Great ideas guys and thanks - I know petit fors are labor intensive but I think for the Saturday afternoon 'tea' I will definitely be doing those with mini apple charlottes etc. Dainty and elegant. I do like the idea of samosas and scotch eggs - Shroom -vegetarian is my speciality so always do LOTS of vege stuf - I make vege scotch 'eggs' - use two mushrooms face to face fill the centre with something nice - cheese etc then usual procedure - cover with vege mince egg wash etc. etc. and fry - really lovely! also nice with regular mince I am going to try making some sweet potato samosas today - Tuesdays are usually slow in the cafe


----------



## thetincook (Jun 14, 2002)

Are you talking about tartlets and barquettes? They're not too bad, but you need a bajillion of the little molds to be effective. I'd rather do 6 inchers and wedge cut em. hmmm one 4 incher per person?

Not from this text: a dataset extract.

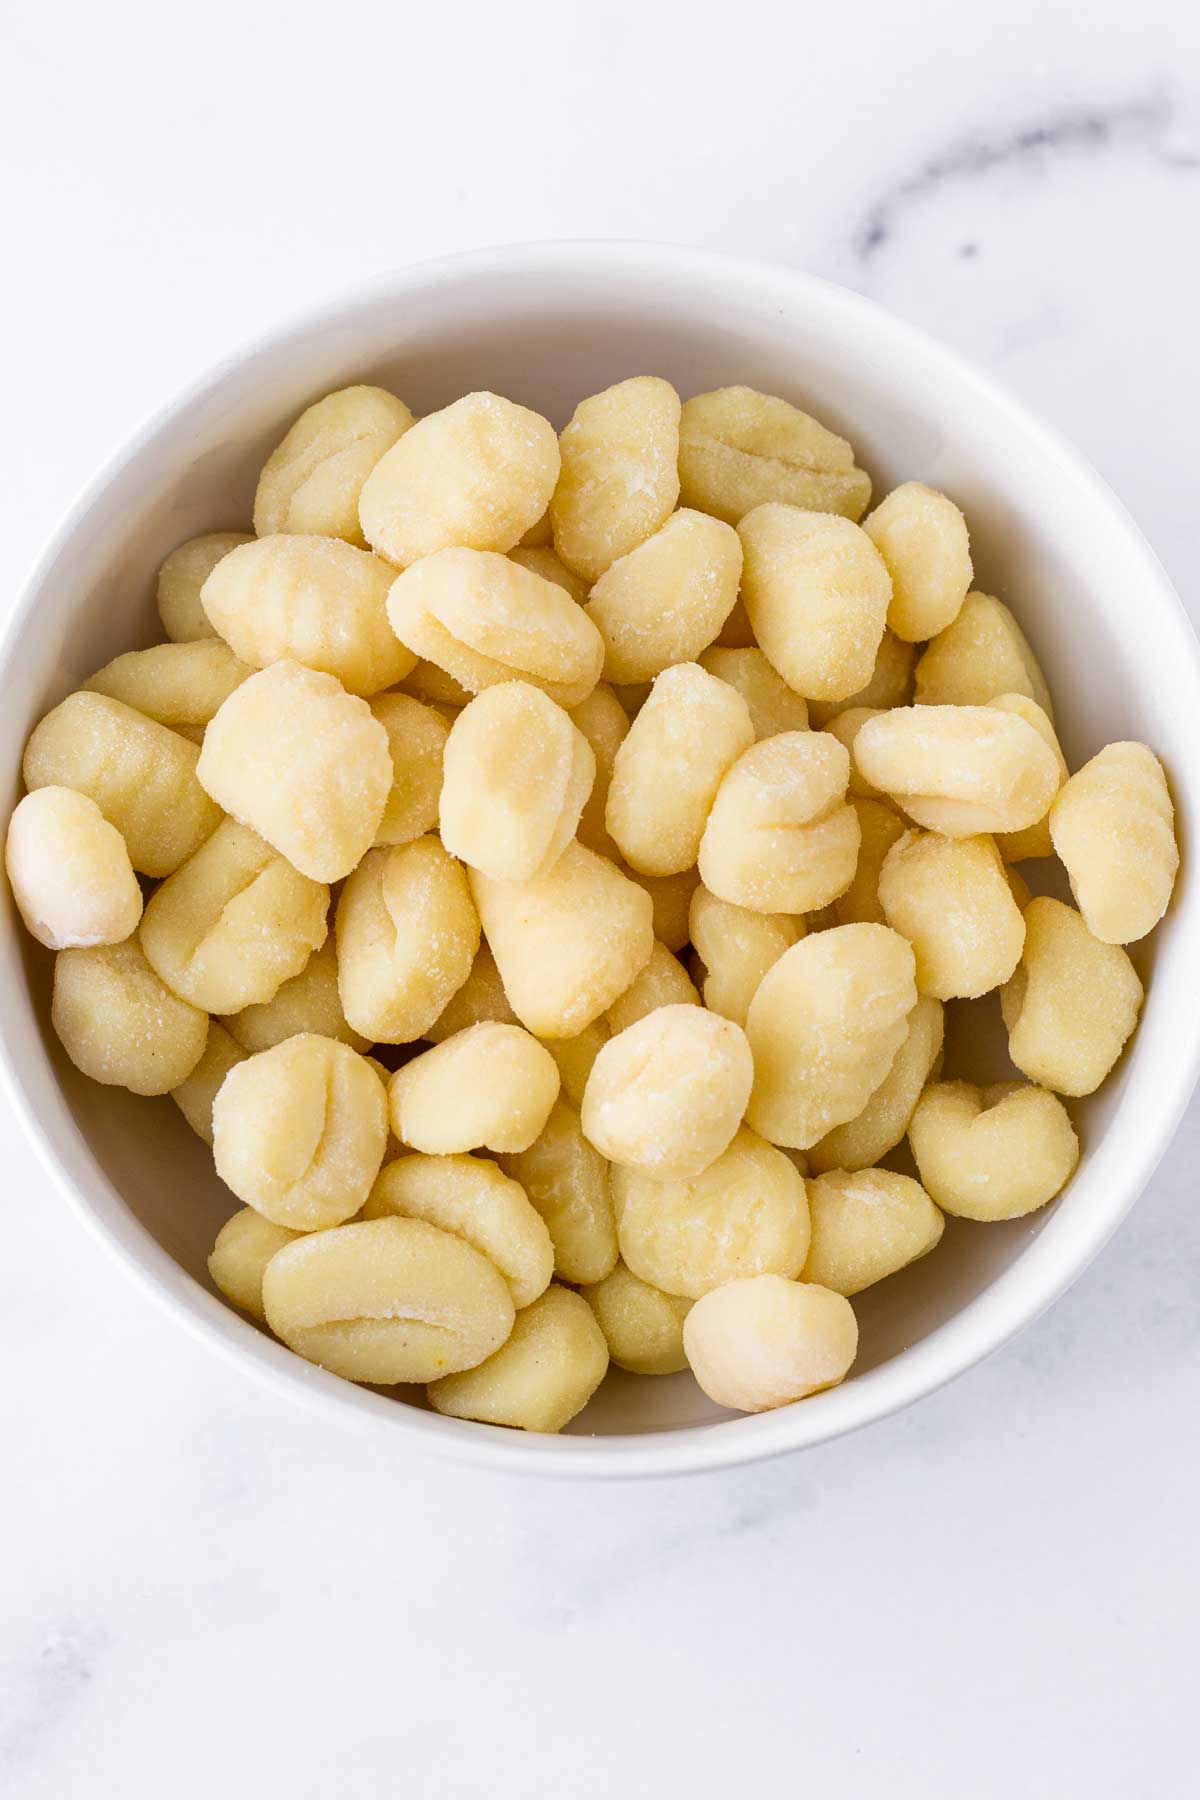 uncooked potato gnocchi in a bowl

I can't believe I forgot veggie platters...it seems like almost every party we do gets veggie platters. My week never feels complete untill I cut up at least a case of celery and 25lbs of carrots. If you can believe it, the most expensive part of the veggie basket, is the kale that gets used to line it!

We also do a fair amount of trade in grilled veggie platters. Sliced eggplant, zucchini, yellow squash, assorted bell peppers, red onion. (How do you guys in the UK say it? Aburgine, courgettes, vegetable marrow, and capascum?) Marinate and grill. Cool and dress with a complementry vinagrette. Depending on the party we've added shrooms, tomatos, green onions, and some of the hotter chiles like anihiems or poblanos.


----------



## bombayben (Aug 23, 2007)

Tincook - I grew up in LA so do understand what you mean by zucchini etc! I am thinking of doing mini tacos - cut rounds out of large tortillas with a cookie cutter and then fry into shape - then I can do vegetarian ones as well. could also use the grilled vege you suggested into 'mini' wraps - the ideas are endless and I am really having fun with this one!! - visiting the Venue tomorrow so will have a better idea of what is in the kitchen!:chef:


----------



## thetincook (Jun 14, 2002)

Always a pleasure to meet a fellow Angeleno.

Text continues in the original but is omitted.